Which theoretically would allow me to then Instantiate importedMesh to create a new clone of the generated object. The problem is that importedMesh=instantiated parent; stores the instantiated parent as a reference, which means that if i Destroy the instantiated parent, importedMesh will point to nothing. That is certainly a problem since, as i have already mentioned, i don’t want to have the imported objects in the scene just yet.

So, is there a way to store a GameObject to a variable instead of storing a reference to it?

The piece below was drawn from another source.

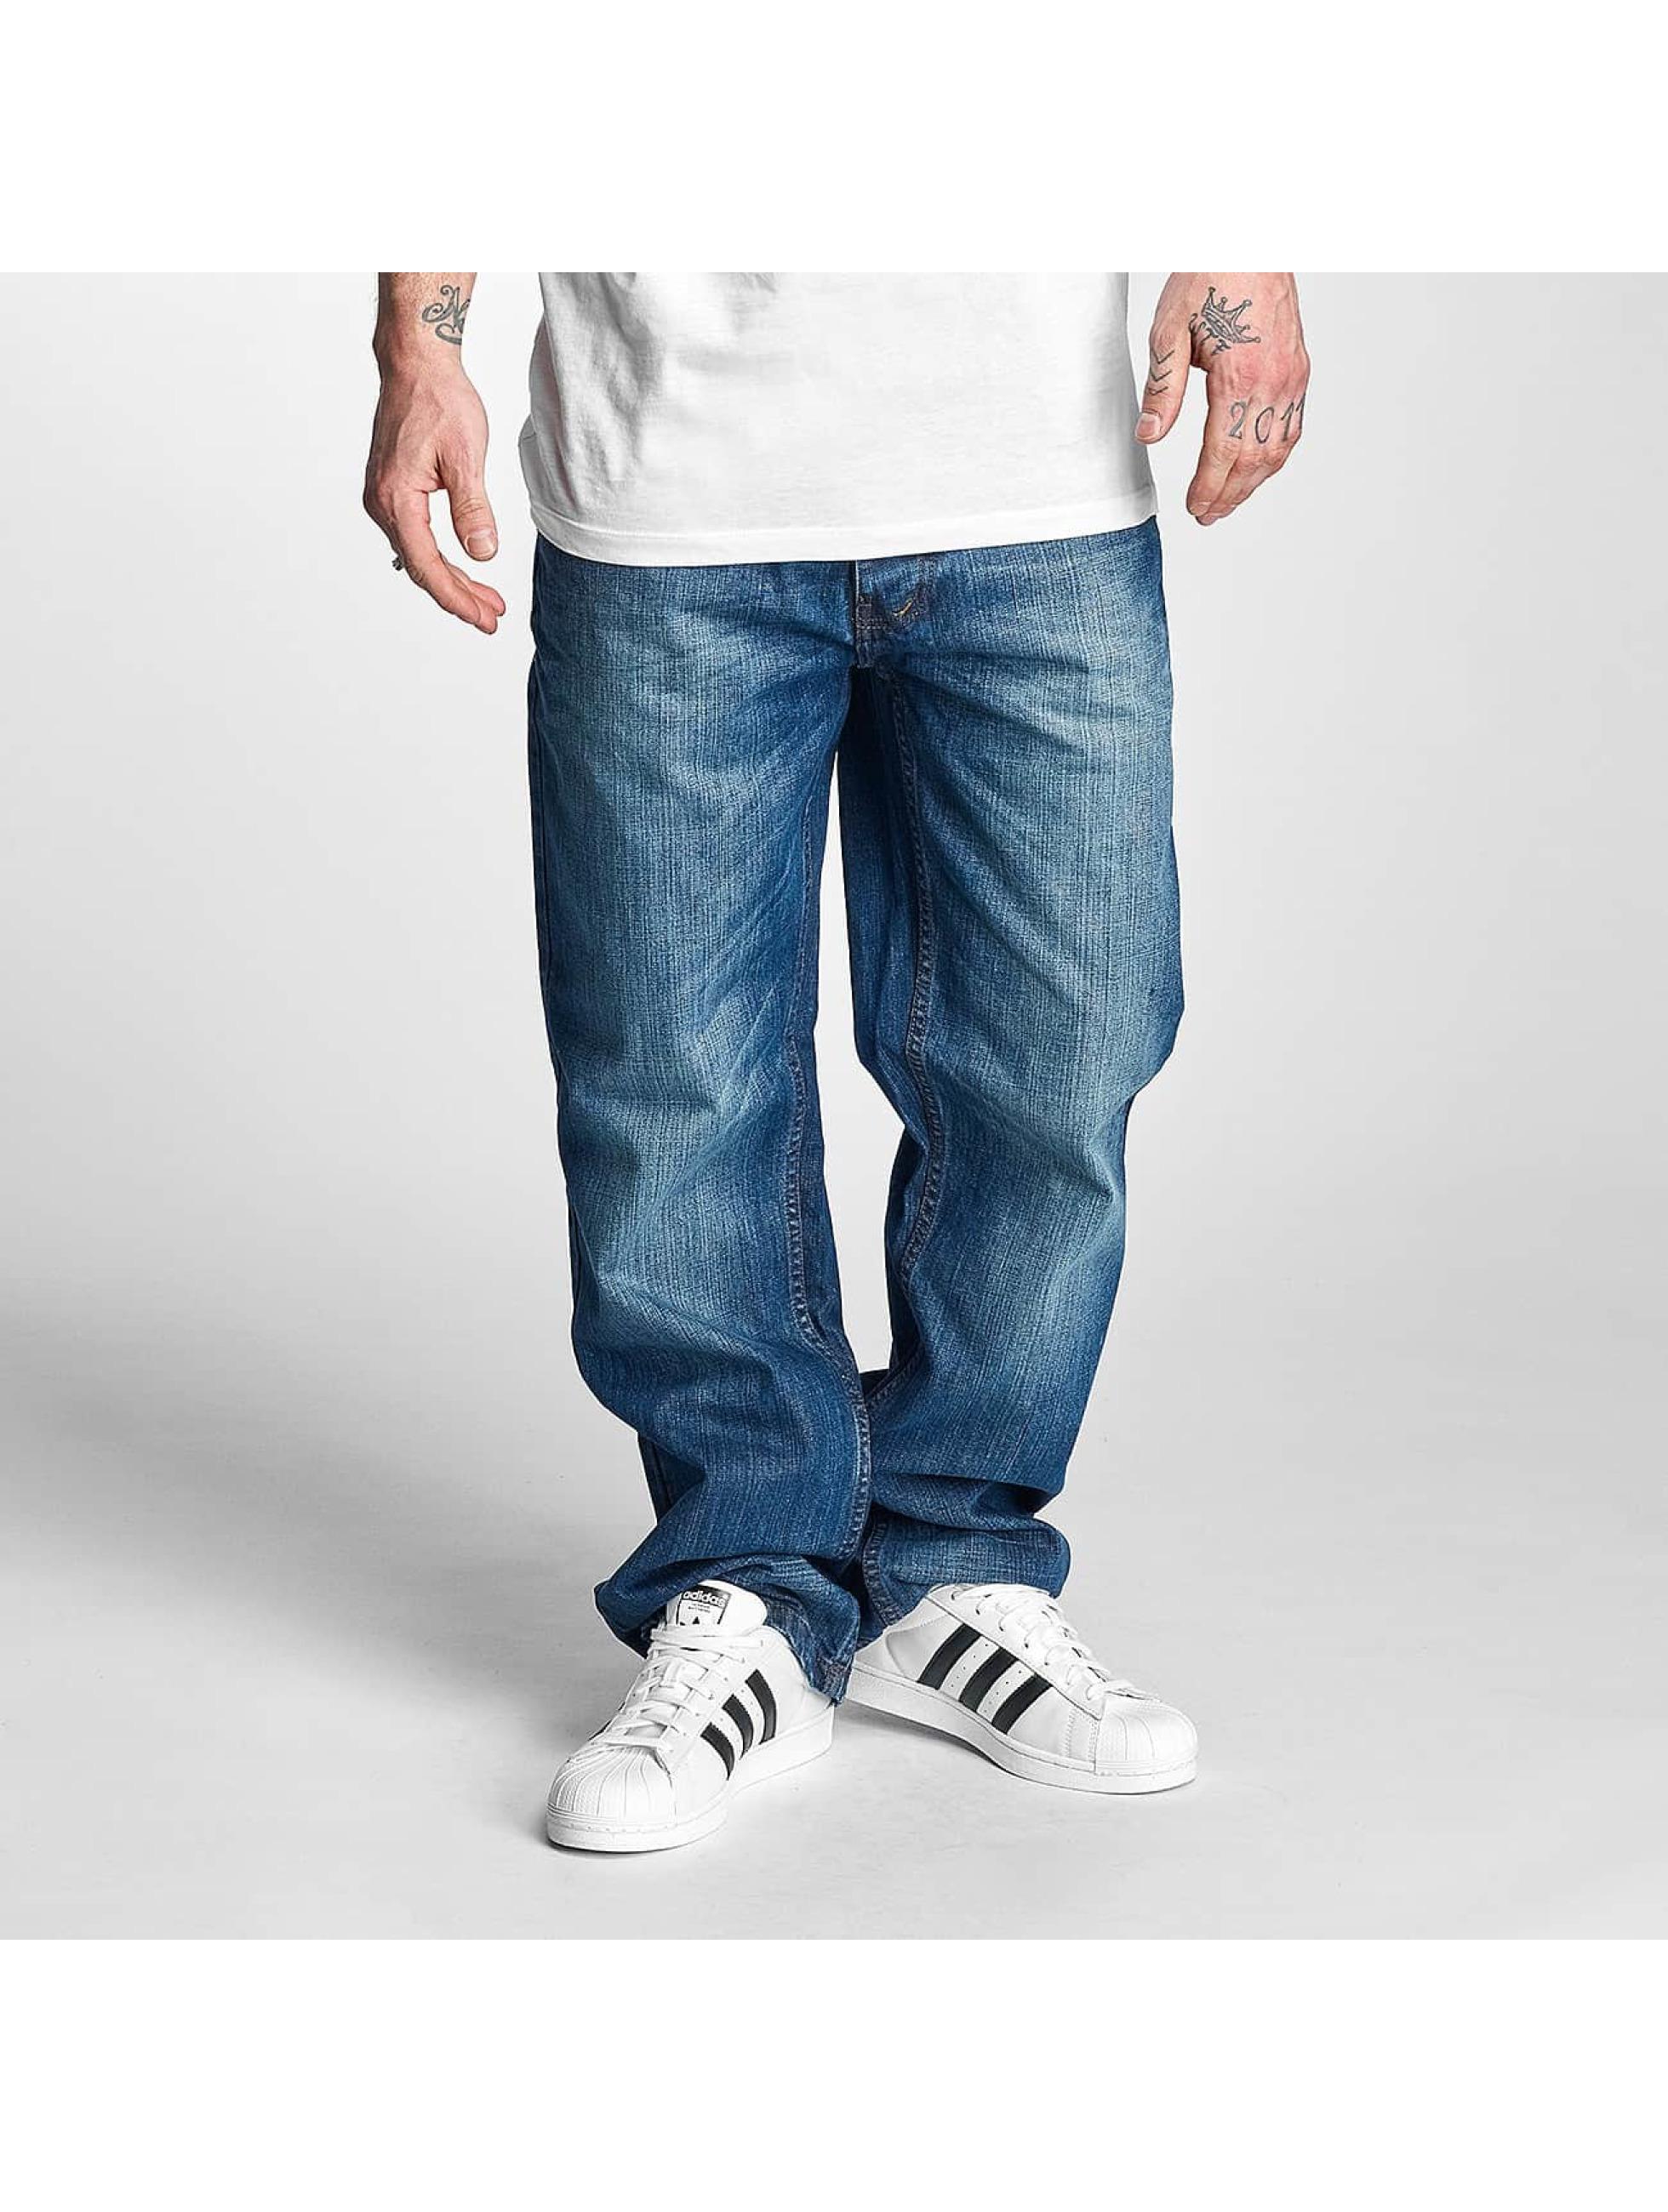 Rocawear / Loose Fit Jeans Loose in blue W 44

Edit: The point of this is to conveniently organize the imported models instead of storing meshes and having to instantiate each model’s objects every time i need them. Everything would be much easier if i were able to instantiate them once, give them a parent and then only worry about instantiating the parent. I already know the former is a valid option.

Simply? No, because that’s not how OOP languages work. What you have to do instead is explicitly copy the parent when you instantiate the new object. This means you just need another Instantiate call, with the source as the parent.

If you’re asking how to do this without copying, then what you’re asking is logically impossible.